22 AMEER – AM ‘EER .. is this a very rare example of a combined dodgy cockney reference and dodgy homophone? I do hope so.. I do hope it is rare, and remains so, is what I mean. (grimaces)

Author: JerryW

I love The Times crosswords..

7 comments on “Times Cryptic 15,439 – 2 February 1981, and 2010 too”
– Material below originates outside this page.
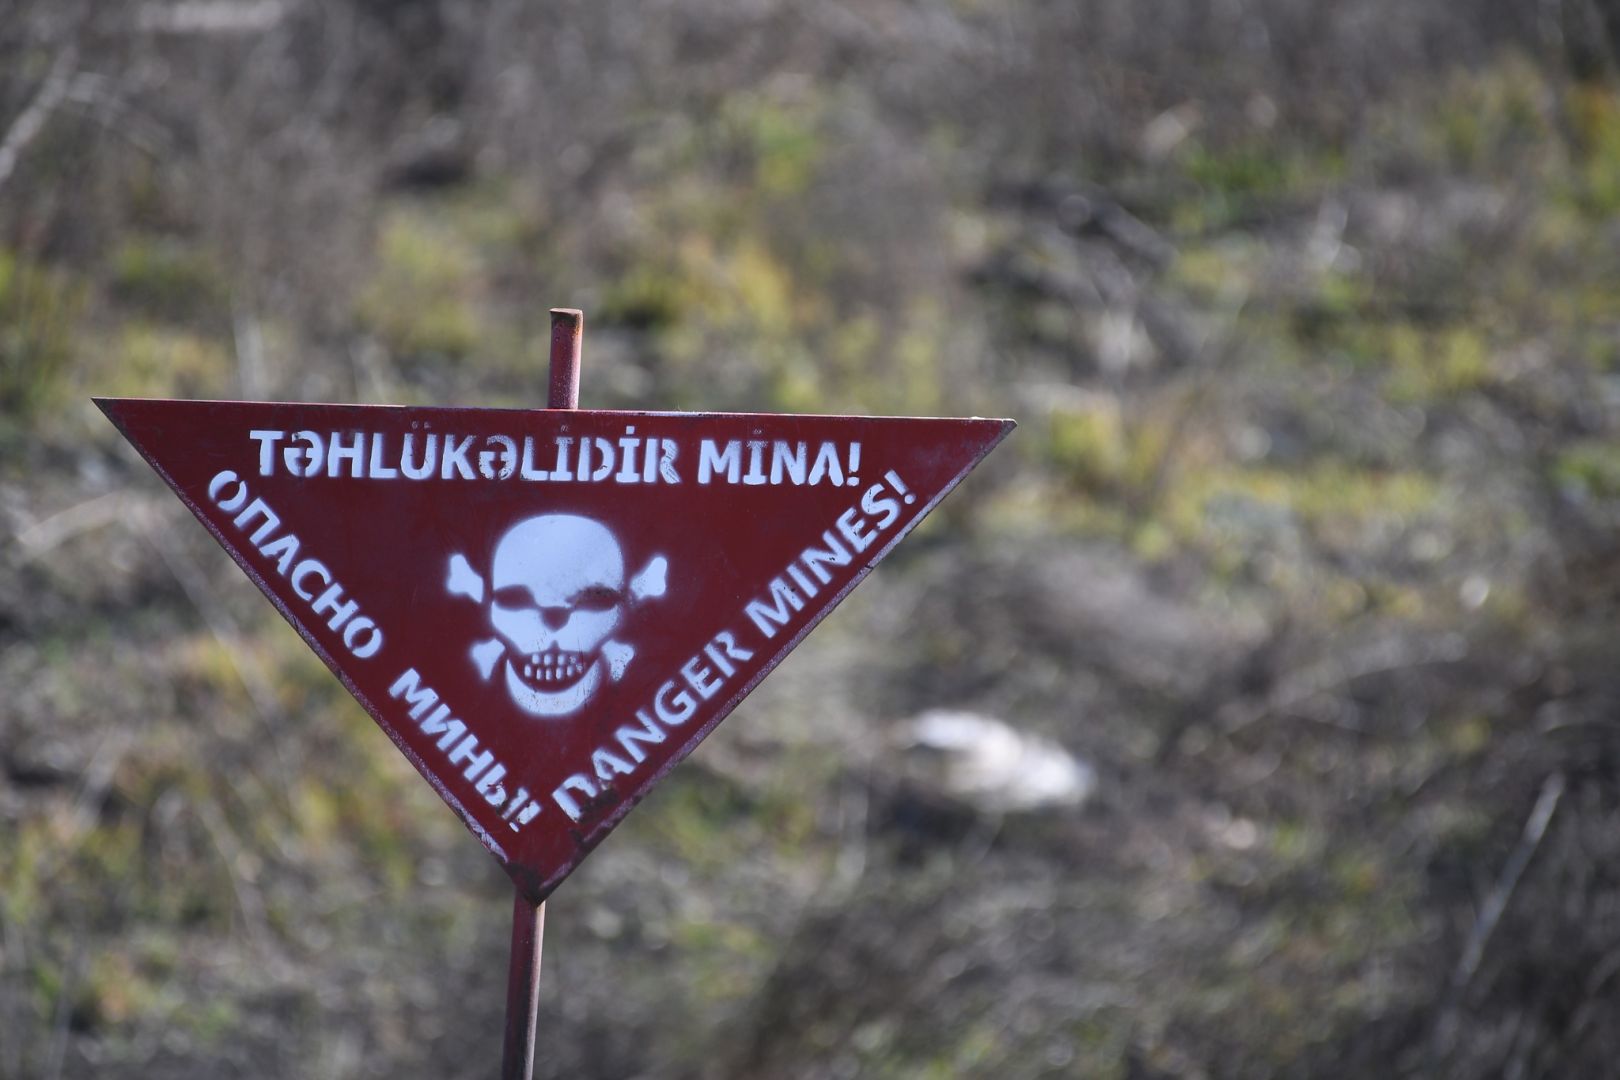 Israeli media highlights landmine issues in Azerbaijan

  1. I managed to print the puzzle without seeing Mark’s blistering 5:20 so just worked my way through it. My experience was the same mixture of giveaway anagrams like 1A and 8D and weird stuff like 26 (eventually preferred to anything involving city=EC), 20 (thought of by way of “chaser”), and 22 ruler=AMEER (variant of emir) and eventual recall of “adsum”=present. 14 bore a curious resemblence to 10 in today’s puzzle. Equally ingnorant of the Rabelais stuff and Mr Tate. Time: 14:45

    4D – I was puzzled too until I decided that “hunches” had to be the def, and therefore “permutation” must be the anagram indicator in this rather nonsensical clue. I doubt that “Permutation – more points in hunches” would pass surface-meaning muster now.

    Edited at 2010-02-01 12:23 pm (UTC)

    1. Ah, quite right about 4dn Peter, entry amended.
      My old granny liked Harry Tate. She was not usually a good judge of comic talent however. She called Charlie Drake “that funny little woman” ..
      1. If the films of Harry Tate on YouTube here and here are typical, then I suspect he may as much of an acquired taste as a 1940 Times crossword :-).
  2. …probably both.

    Just over the 30 minute mark, which is about twice my average. Unfortunately, however, three incomplete at 25 minutes, and needed help to solve DATURA, CACODEMON and AMEER – so even that time doesn’t count.

    I find it a bit difficult to believe that I would have got these in 1981, ao there must be other forces at work.

    Interesting, though…

  3. Jerry, I’m wanting to blog the 1960 puzzle but when I follow the link I can only see and print off half the clues. The scan of the page cuts off half way down the clue section. Any suggestions?
  4. Just my kind of puzzle. I think if I’d been doing it on paper, I’d have turned in quite a respectable time, but I used a technique I’ve tried before, and typed the answers into an OpenOffice table. This was not a good idea, as I suspect 2-3 minutes out of my 9:11 were spent correcting typing errors and trying to drag the clues into view on my laptop (where they weren’t all visible at once).

    I have to confess that I couldn’t remember the quotation, though it sounded vaguely familiar once I had the crossing letters in place (but then I have seen Othello a few times); and I had no idea about Rabelais’s LANTERN-land, though I almost certainly looked it up when I first did the puzzle back in 1981.

    I seem to remember that Harry Tate used to come up quite regularly in the old days. I wonder if this was the last time he appeared.